COMPArative Study of the Consequence on innaTe Immune Response du to Bacterial or Viral Infection in Patients Admitted to Intensive Care Unit (COMPACT)

COMPArative Study of the Consequence on innaTe Immune Response du to Bacterial or Viral Infection in Patients Admitted to Intensive Care Unit

COMPArative Study of the Consequence on innaTe Immune Response du to Bacterial or Viral Infection in Patients Admitted to Intensive Care Unit

Patient admitted in intensive care unit (ICU) for acute infection whether it be viral or bacterial had major impairment of the immune response. One hallmark of the immune impairment is presence of immature granulocyte (IG) in blood. Depend of initial trigger (virus or bacteria) concentration, phenotype and function of IG seems to be different. In this prospective trial, immature granulocytes will be analyzed in depth in immunocompetent patients hospitalized in the intensive care unit for an acute viral or bacterial infection.

Granulocytes are a key actor of immune response during acute viral or bacterial infection.
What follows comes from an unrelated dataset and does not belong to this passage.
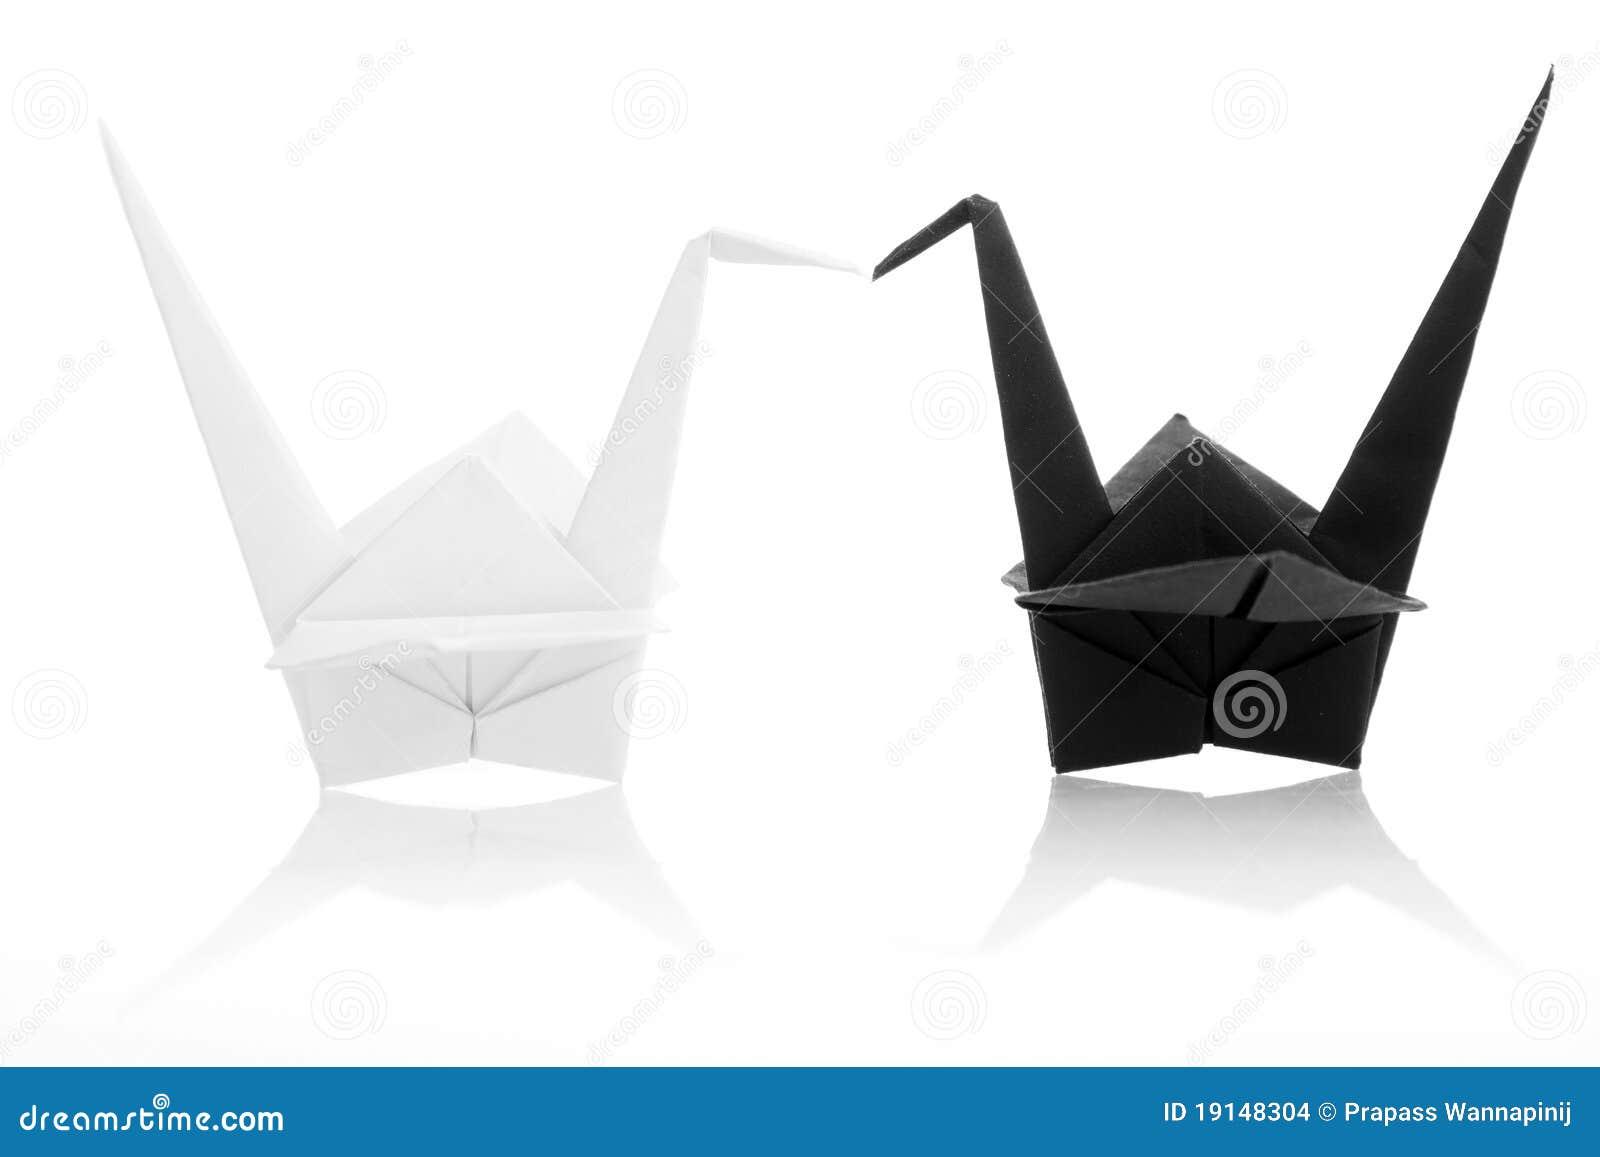 grue japonaise traditionnelle noire et blanche d 39 origami images stock image 19148304. Black Bedroom Furniture Sets. Home Design Ideas
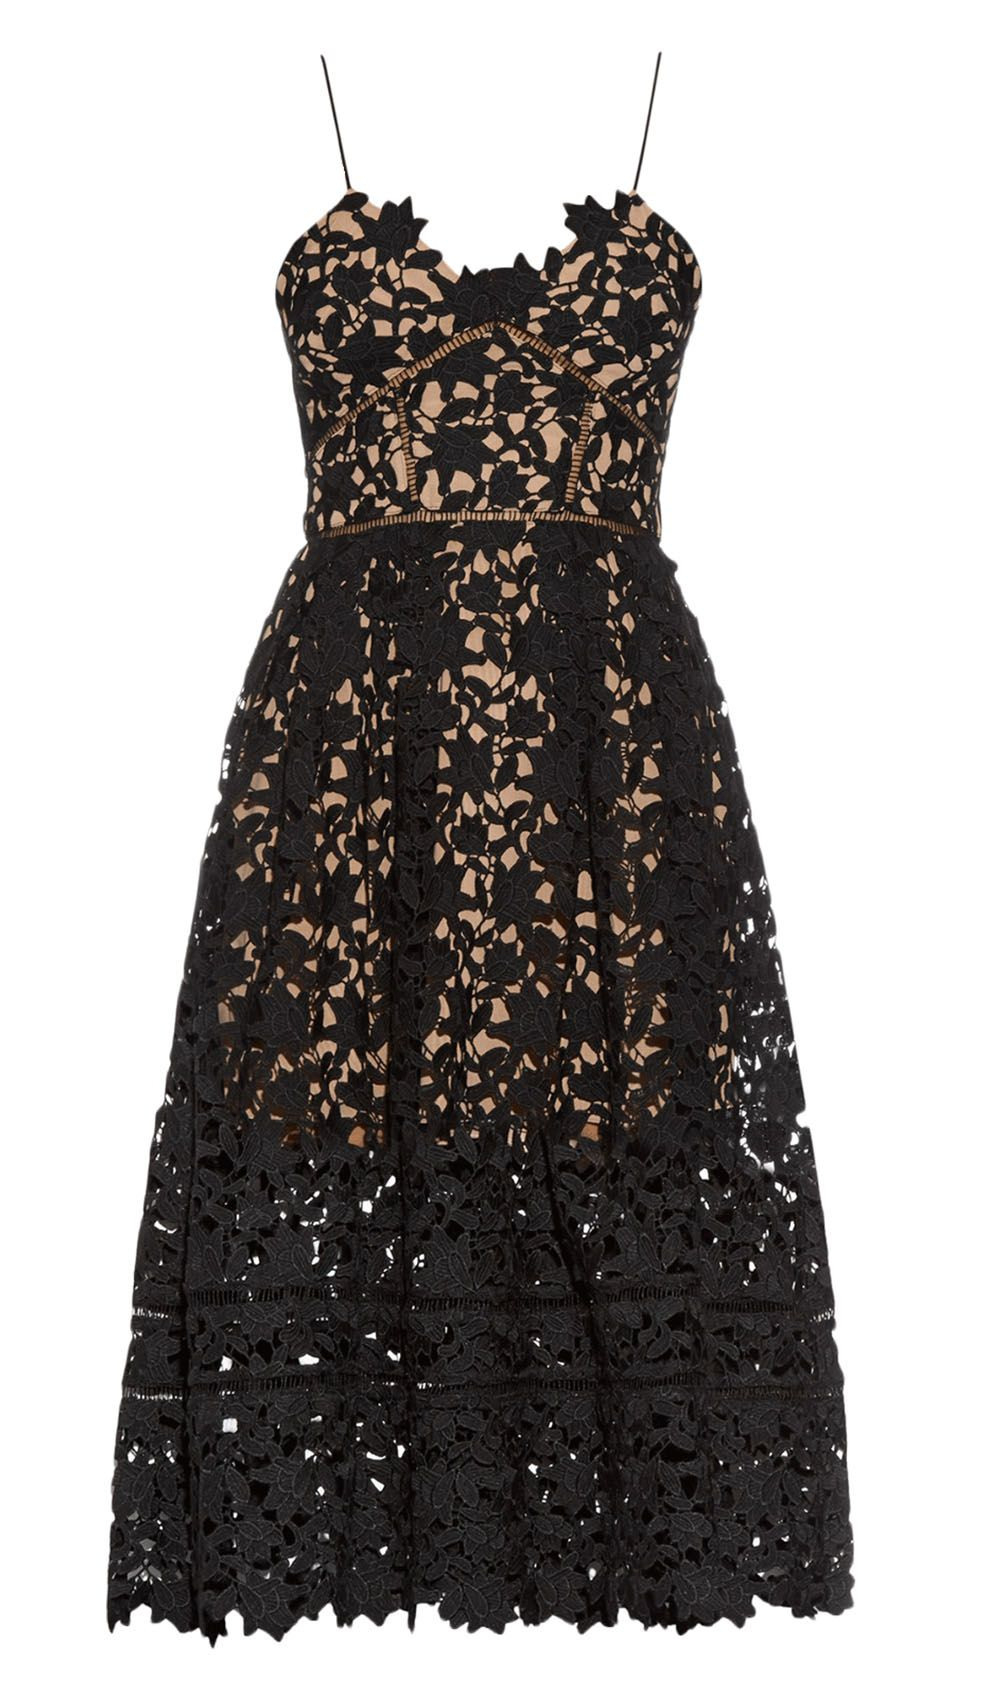 Self-Portrait Black Lace Midi Dress  Designer Kleider - Abendkleid Handy

During their maturation in bone marrow they went from immature form to mature form. In physiological condition only mature form are present in blood. However, in case of acute viral or bacterial infection, immature granulocytes (CD10low/CD16low) could be released in blood. But concentration, phenotype and function of these IG seems to be different between bacterial and viral infection. Indeed, in bacterial infection, concentration of IG is high (> 20%) and they expressed CD64 and CD123. In case of viral infection, blood concentration of IG is lower and they expressed CD62-L. These phenotype differences are probably associated with functional modification. A more precise characterization of the phenotype and functions of IG according to the stimulus (bacterial or viral) could provide a better understanding of the innate immune response in patients hospitalized in ICU for acute infection. The investigators will analysis by flow cytometry IG subsets (PDL1 CD62L LOX-1 CD45 CD64 CD15 CD123 CD16 CD10 CRTH2) of adult immunocompetent patient hospitalized in ICU for less than 24 hours for acute infection. Transcriptomic and cytokine analysis will be also performed. Infectious status will be validated by a blind adjudication committee which will classify patient in certain bacterial infection, certain viral infection, co-infection and no confirmed infection.
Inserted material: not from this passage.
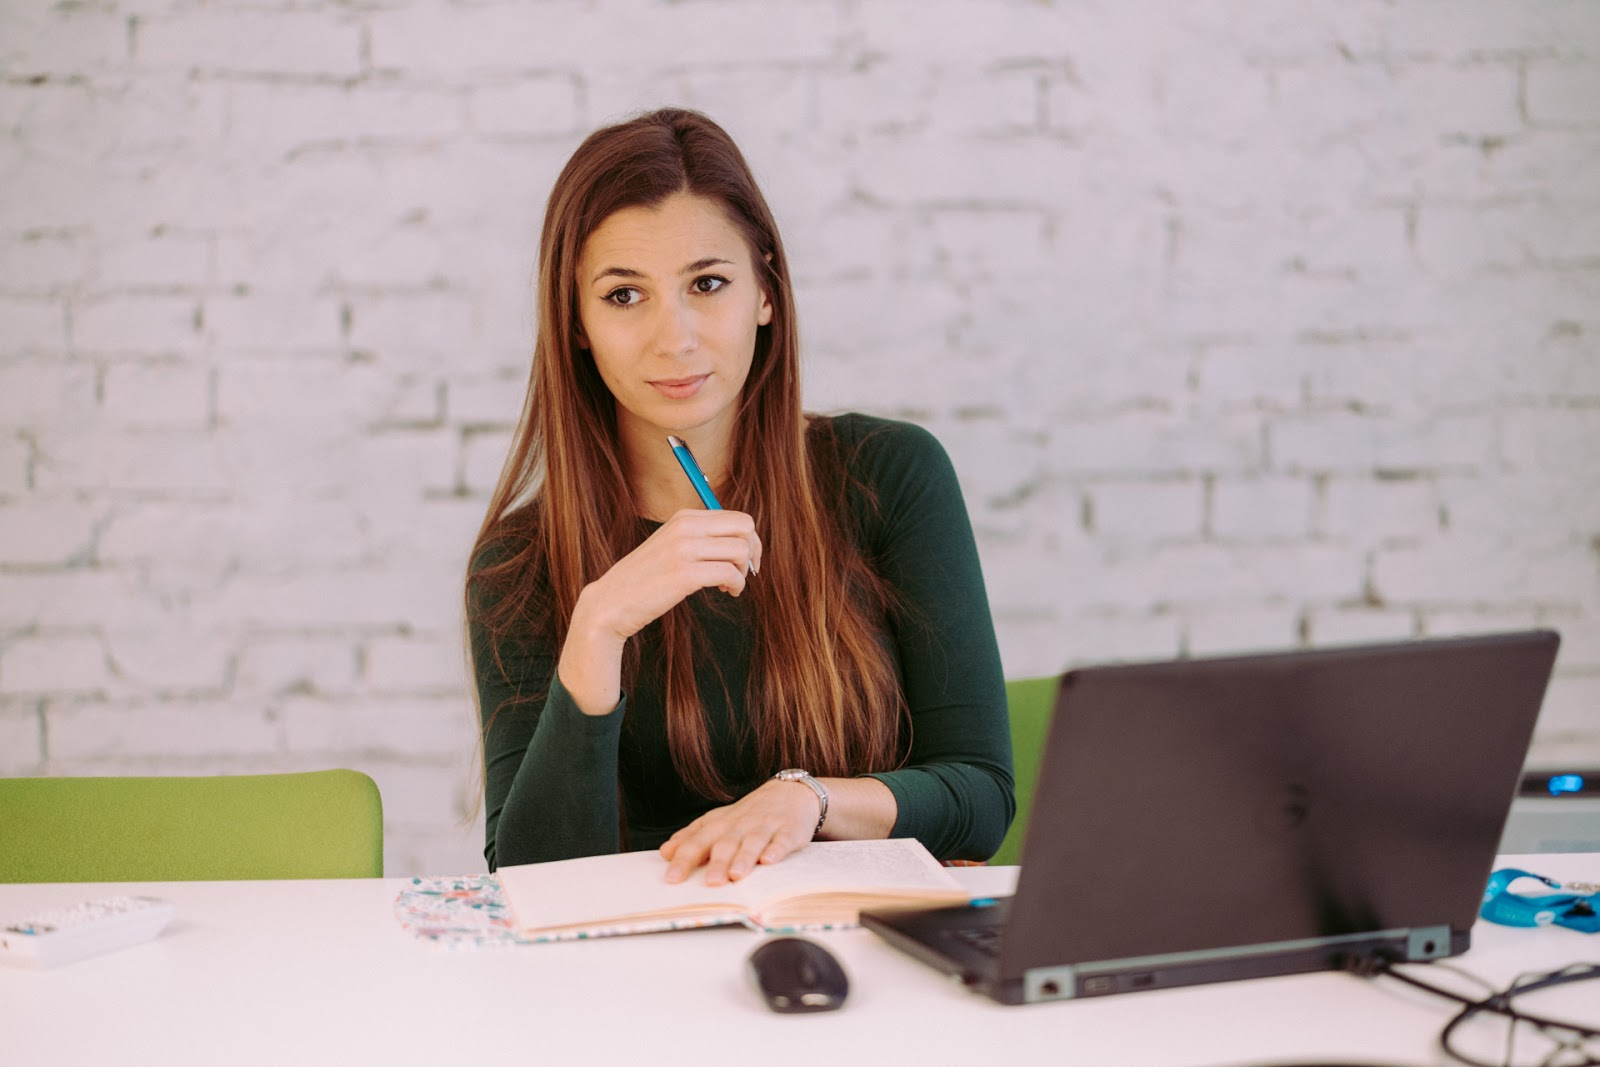 Natalia Urbańska, HR Director at Divante
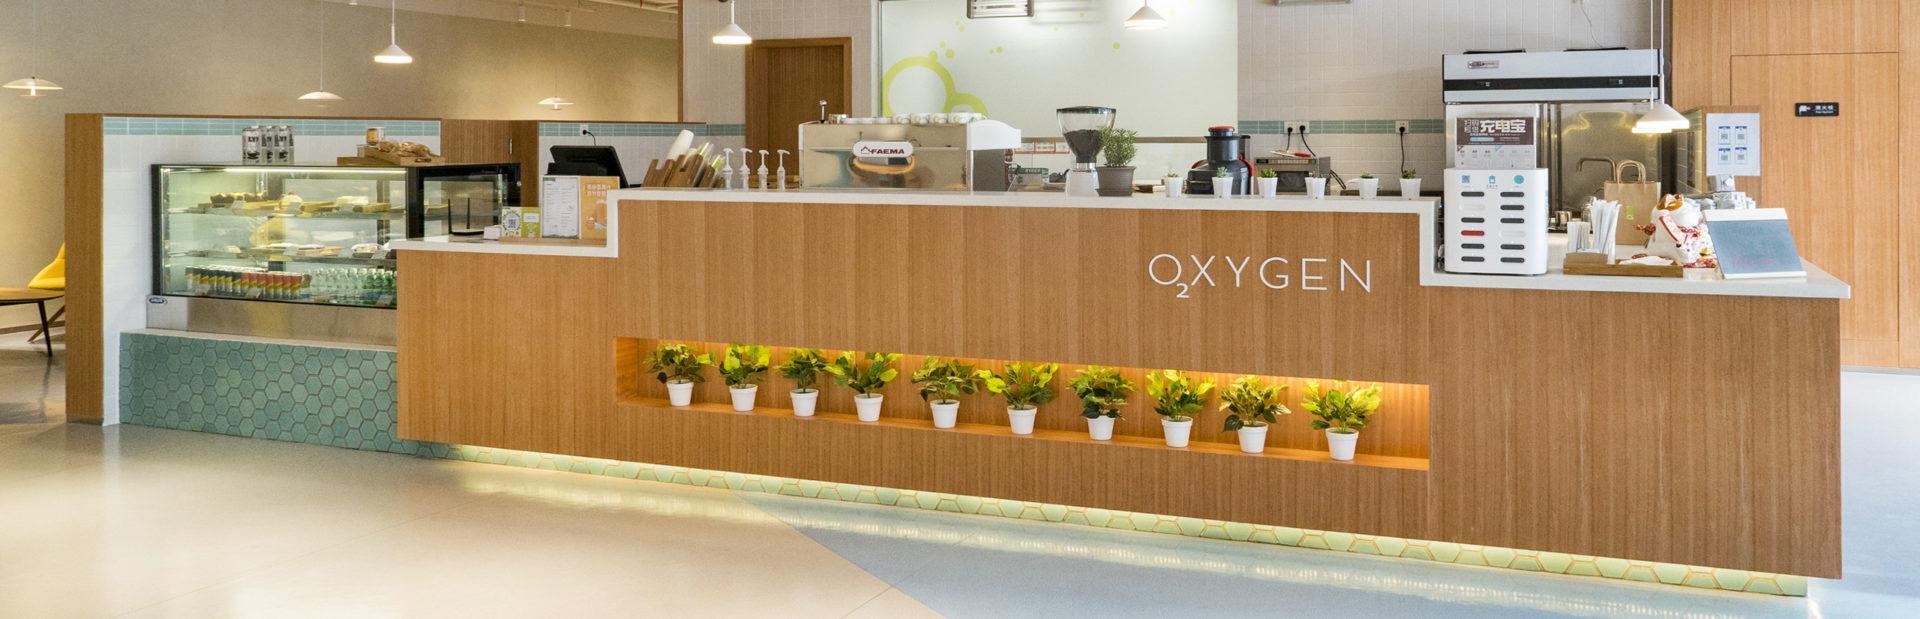 workplace café food service solutions

Measurement by flow cytometry of the percentage of granules expressing CD123 and CD64 depending on the type of infection (viral or bacterial).

Measurement by flow cytometry of the percentage of granules expressing CD62-L according to the type of infection (viral or bacterial).
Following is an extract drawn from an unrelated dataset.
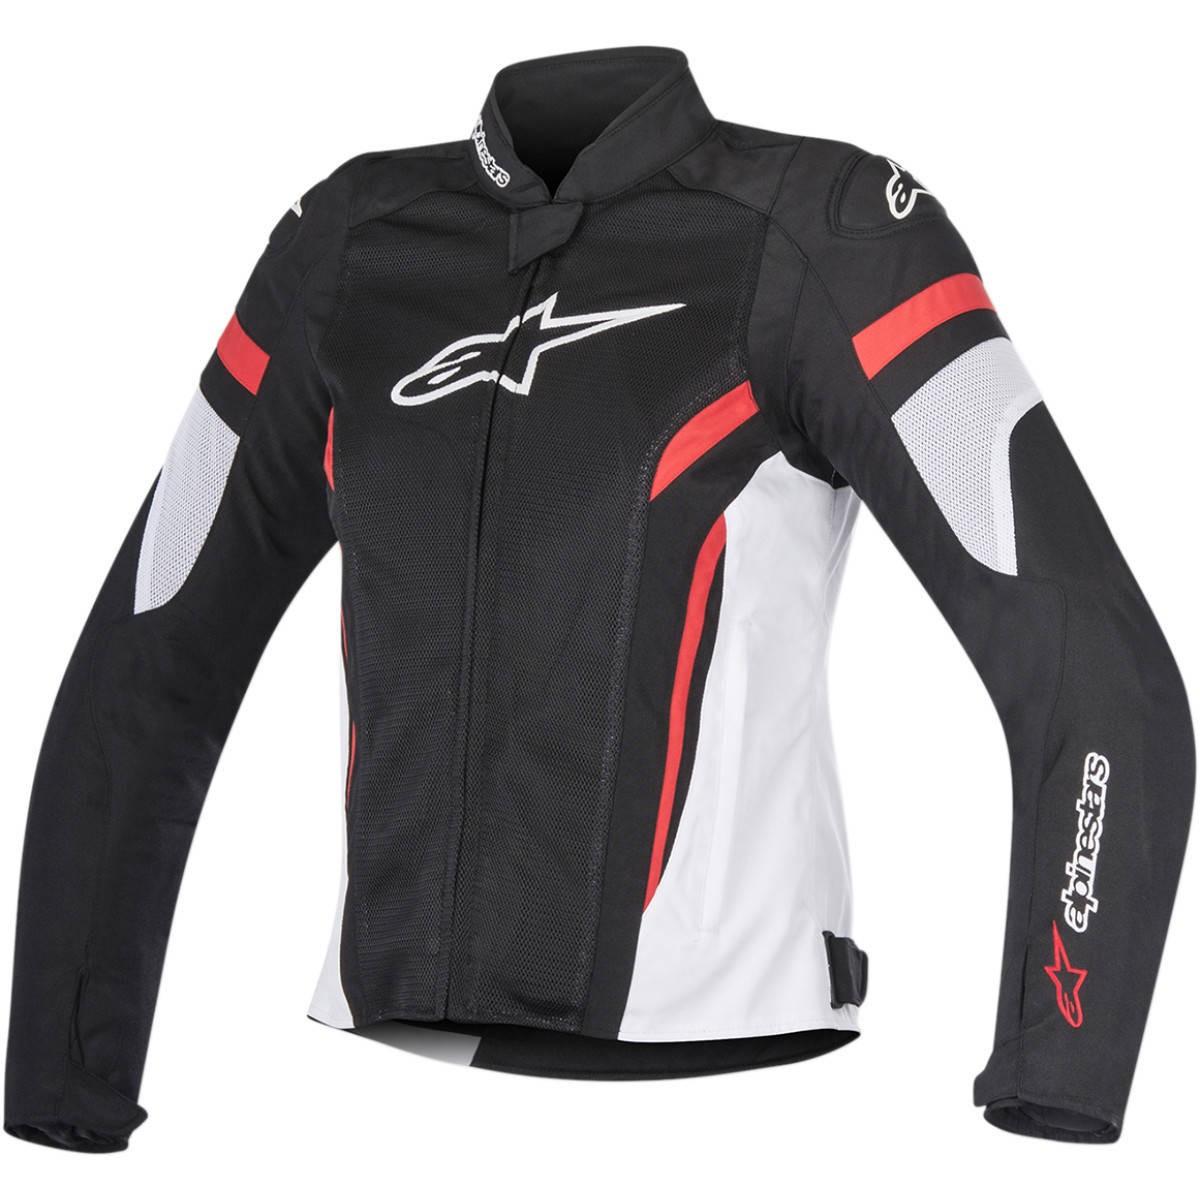 Jaqueta Alpinestars Stella T-GP Plus R Air V2  Preta/Vermelha/ Branca LANÇAMENTO!  - Planet Bike Shop Moto Acessórios

Evaluate the expression of genes related to immune functions of the different subpopulations of immature granules by measuring the amount of mRNA

Measurement by multiplex Elisa-test of blood cytokine concentrations (IL-8, IL-1, IL-12p70, IL-6, IL-10, IP-10, TNF-a, IFN-g)

Measurement by multiplex Elisa test of blood concentrations of activation markers (RETN, LCN2, HGF; G-CSF)

Evolution of a modified Sequential (Sepsis-Related) Organ Failure Assessment (SOFA) score (no gradation of the neurologic system) at day 0. Min value =0. Max value =20 . The highest score means the worst situation

Inclusion Criteria: Bacterial infection: Adult patient hospitalized for less than 24 hours in ICU for community documented sepsis Vasopressor support SOFA score > 4 Viral infection: Adult patient hospitalized for less than 24 hours in ICU for confirmed viral acute infection. High flow oxygen, non-invasive or invasive ventilation since less than 24 hours Moderate to severe ARDS with PaO2/FiO2 < 200mmHg and a FiO2 ≥ 0.6. Exclusion Criteria: Bacterial infection: Antibiotics or hospitalized in ICU in the previous 3 months Immunocompromized patient Ongoing acute or chronic viral infection Viral infection: Antibiotics or hospitalized in ICU in the previous 3 months Immunocompromized patient Current antibiotics Ongoing chronic viral infection.